- Viola Gråsten (1950), photograph by Erik Holmén
- Born: Viola Hildegard Forsberg 18 November 1910 Keuruu, Finland
- Died: 20 October 1994 (aged 83)
- Other names: Viola Gråsten-Öhquist
- Citizenship: Finland; Sweden;
- Known for: Textile design
- Spouse: Nils Robert Waldemar Öhquist
- Awards: Prince Eugen Medal (1973)

= Viola Gråsten =

Finnish textile artist and designer (1910–1994)

Viola Hildegard Gråsten (born Forsberg; 18 November 1910 – 20 October 1994) was a Swedish textile designer.
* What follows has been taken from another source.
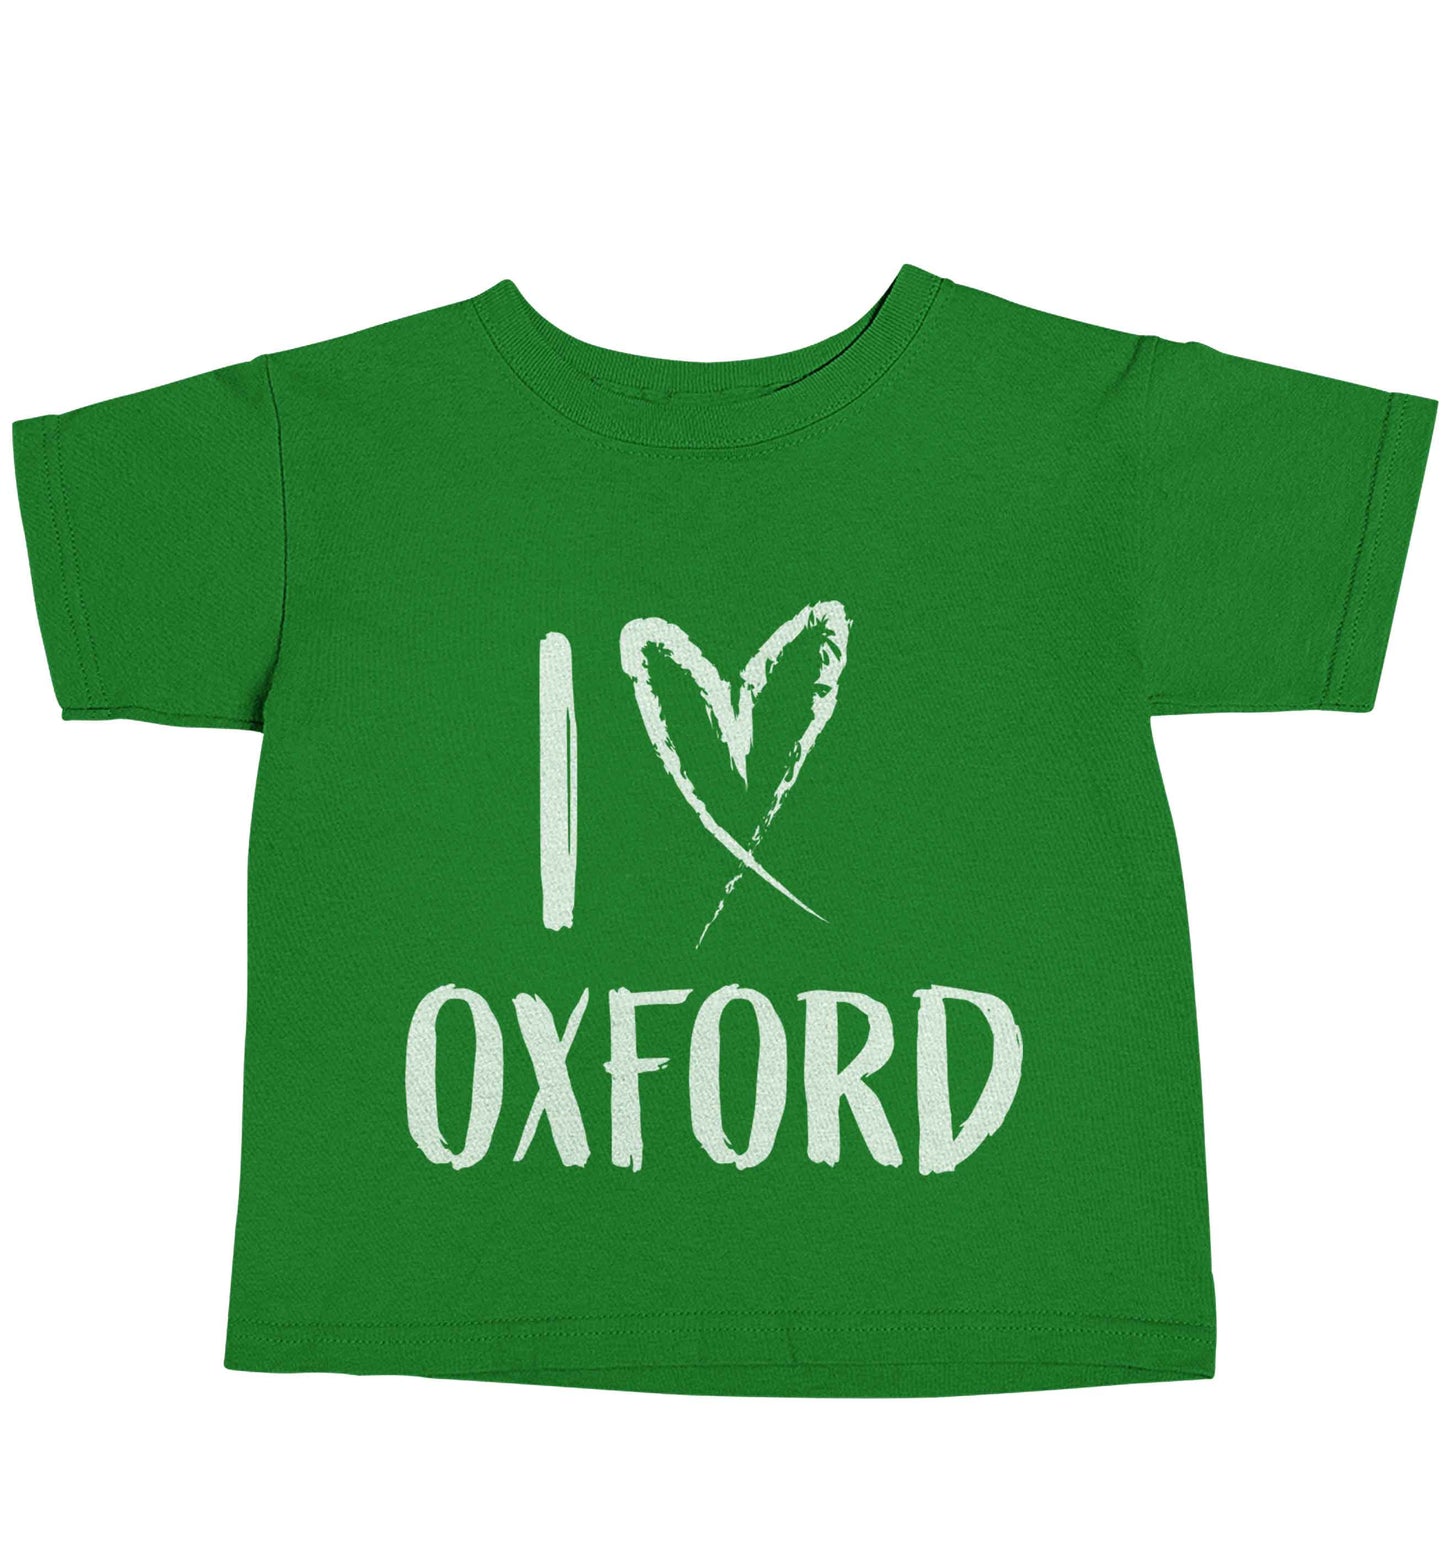 I love Oxford green baby toddler Tshirt 2 Years

Gråsten was born in Keuruu in Häme, Finland and was brought up as a foster daughter by the Finnish Finance Minister, Ernst Gråsten. She studied for four years at the Central School of Crafts in Helsinki until 1936, after which she worked as a designer at the Friends of Finnish Handicraft. In 1944, because of wartime yarn shortages in Finland, she moved to Sweden and designed shaggy rugs for Textiles & Interiors in Stockholm. A year later she took a post at the NK Textile Studio, where she began to design patterns for textiles and made a reputation for her colourful geometric designs. In 1950, she received Swedish citizenship. In 1956 she became artistic director of fashion textiles at Mölnlycke Weavers, where she stayed until her retirement in 1973.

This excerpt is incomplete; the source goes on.